Chanel O’Connor as the “glamorous assistant” welcomes us to the show and checks we are familiar with the game of bingo.

The flamboyant host (Nicholas Alban) arrives to tell us there is to be an unusual variation on the game. Three contestants will compete with each other to be the first when a number is called to describe something they have spent money on equivalent to that number.

The cash prize to the winner will be just over £82 which just happens to coincide with the weekly amount payable as benefit to those with a disability.

What the contestants say they spend on each call of the bingo number reminds us how little would have been covered by the meagre benefit entitlement.

In a final scene, the winning contestant (Rosalind McAndrew) tells us of the real people who killed themselves after their payments were stopped. She also gives us a worrying account of the way her own mother was treated.

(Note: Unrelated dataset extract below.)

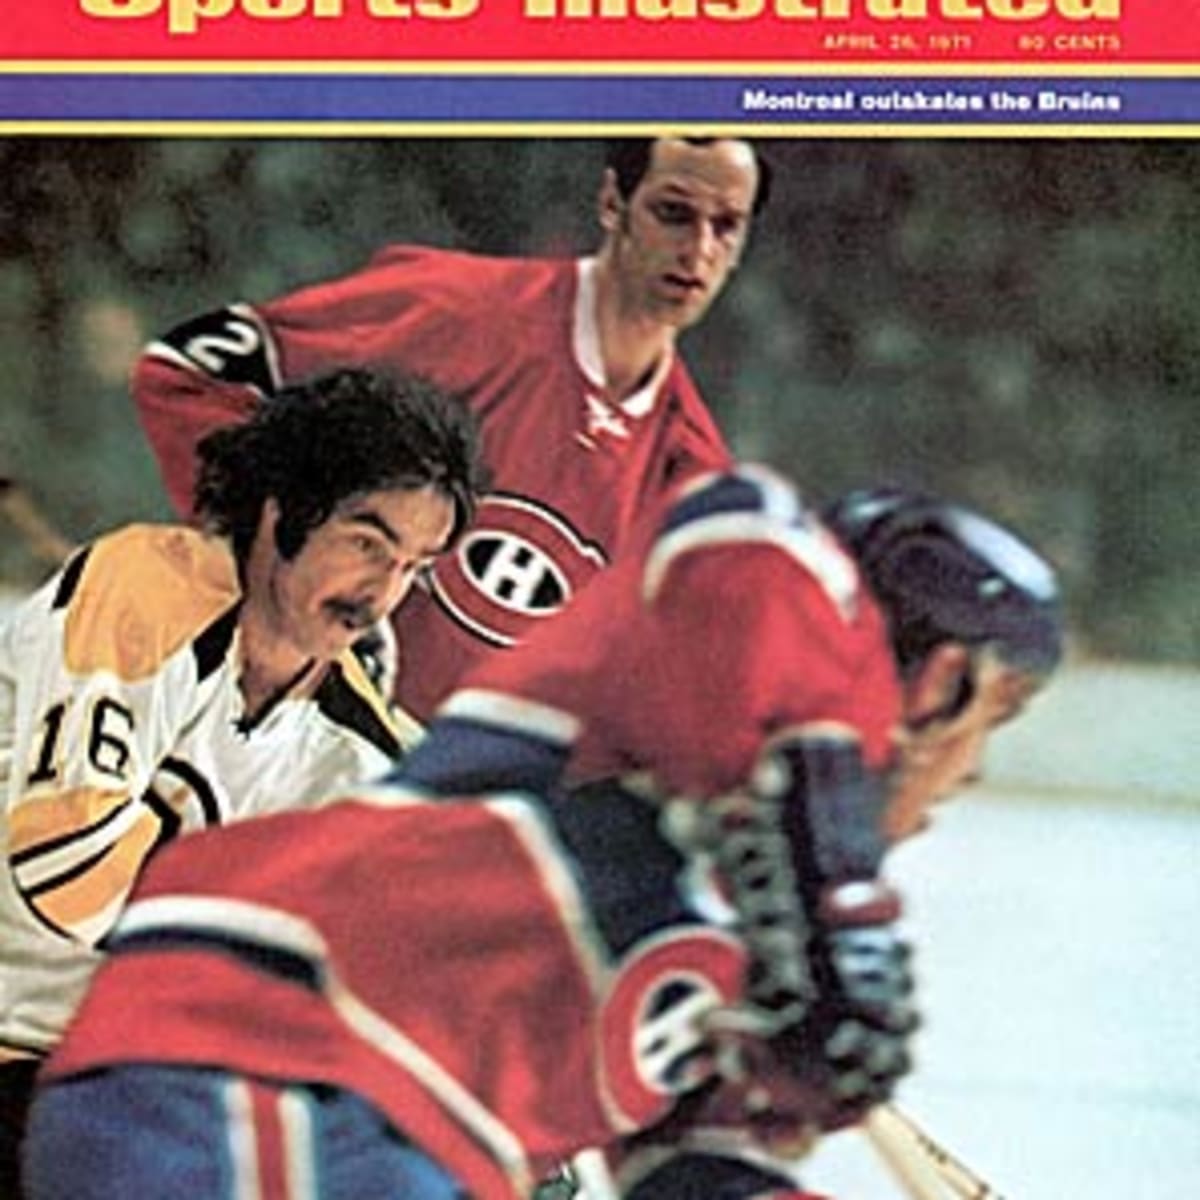 Derek Sanderson tells of wild rise and fall in book - Sports Illustrated

This is an imaginative, interactive show with confident, committed actors. However I found the actual bingo game of crossing off numbers distracted from what was being said. The performance also seemed very hurried and, in the final scene, the microphone distortions didn’t help concentration.

The passionate speech that ended the piece had an impact on some in the audience who were nodding at the idea of charging Ian Duncan Smith with corporate manslaughter but I did feel a less busy focus on the political and dramatic heart of the piece may have made for a more successful and satisfying experience.